Y lo peor es que los expertos, que andaban en la Luna de Valencia antes de la Gran Recesión, no se ponen de acuerdo en el modo de salir de esta situación. Unos dicen que necesitamos una cura de austeridad; otros, que se debe gastar más dinero público. Los hay que opinan ambas cosas al mismo tiempo, y otros, la contraria. Y con esto, los políticos se muestran impotentes para atajar la situación, que es un continuo sinvivir. Al menos, los expertos pueden opinar una cosa u otra. Sin embargo, los políticos tienen que poner cara de circunstancias, mientras que una ciudadanía atónita y cabreada se aleja a pasos agigantados de la cosa pública.
El panorama no pinta nada bien para los próximos meses, incluso años. Uno tras otro, los Gobiernos de los países más castigados por la deuda soberana (sic), van cayendo como fichas de dominó. En algunos casos, son sustituidos por Gobiernos de tecnócratas, que no se sabe muy bien lo que son, quizá lo más parecido que hay a un golpe de Estado, aunque sea de forma blanda. Pero dudo de que si los gobernantes no son capaces de poner el cascabel al gato de la crisis, los profesores, profesionales y otros técnicos puedan reconducir la compleja situación que vivimos.

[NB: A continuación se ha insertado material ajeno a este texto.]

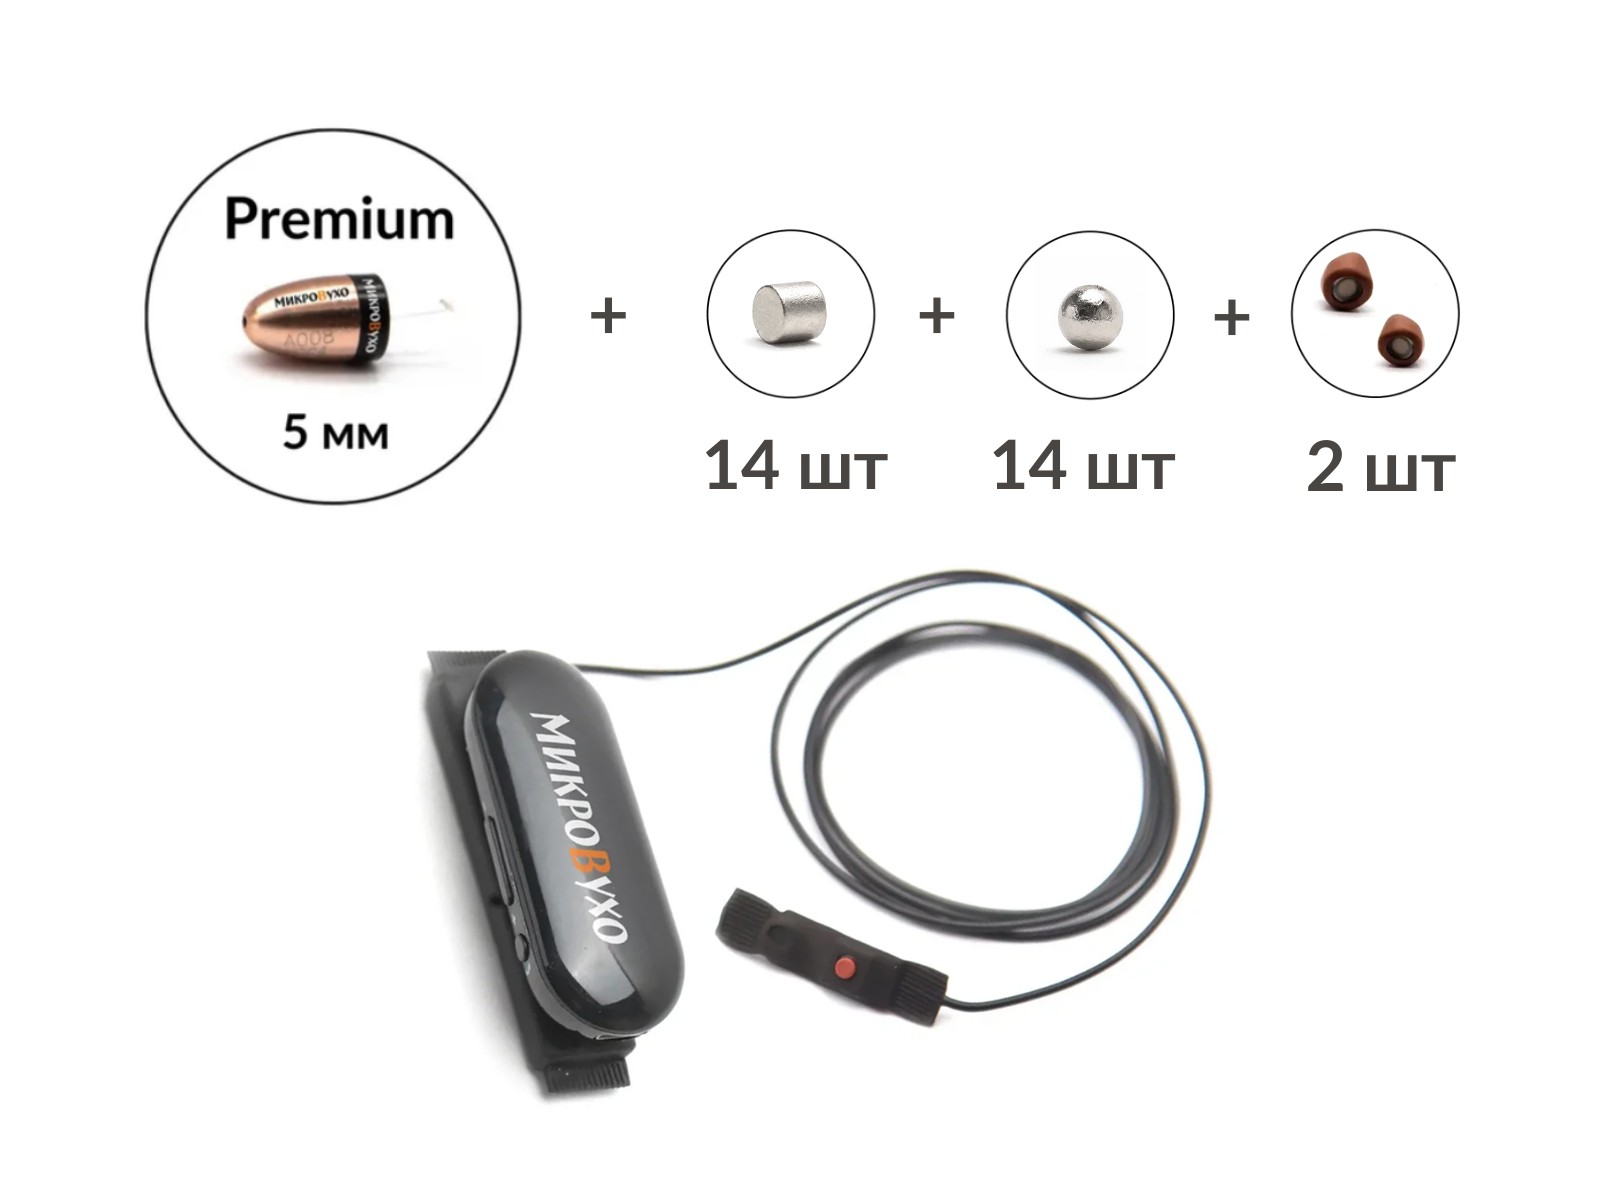 Универсальная гарнитура Bluetooth Box Pro Plus c капсулой Premium и магнитами 2 мм - изображение 5

Dicen que en los últimos años hemos vivido por encima de nuestras posibilidades económicas. Es posible. Pero con ser esto grave, aún lo es más la sensación de que vivimos por encima y más allá de nuestra inteligencia, por encima del entendimiento de lo que estamos haciendo. Y nos asalta el sentimiento nada tranquilizador de que somos aprendices de brujo que hemos transformado el mundo económico y financiero en un gigantesco juego absurdo en el que estamos abocados a perder.
La salida de este agujero se ve más negra que el betún. Los “mercados” piden sacrificios a los Gobiernos, antes soberanos, que, a su vez, trasladan estos sacrificios a los ciudadanos. Son necesarios, dicen, mientras suben los impuestos y disminuye la calidad y cantidad de los servicios públicos. Mientras, las instancias europeas, lejanas y distantes, nos dicen que es por nuestro propio bien. Esto recuerda a aquel titular del diario Pravda en la década de 1940: “El precio del pan sube por aclamación popular”.
Da la sensación de que perseguimos objetivos totalmente desproporcionados, contradictorios, a ciegas, creando una situación inmanejable. Mientras, los movimientos de indignados se extienden como un reguero de pólvora, creando la ilusión de que si el pueblo se une, es posible reconducir las cosas. Parece difícil. Como decía Rousseau, el pueblo desea un bien que, con frecuencia, no llega a captar. Y el mundo era entonces mucho más simple e inteligible que ahora.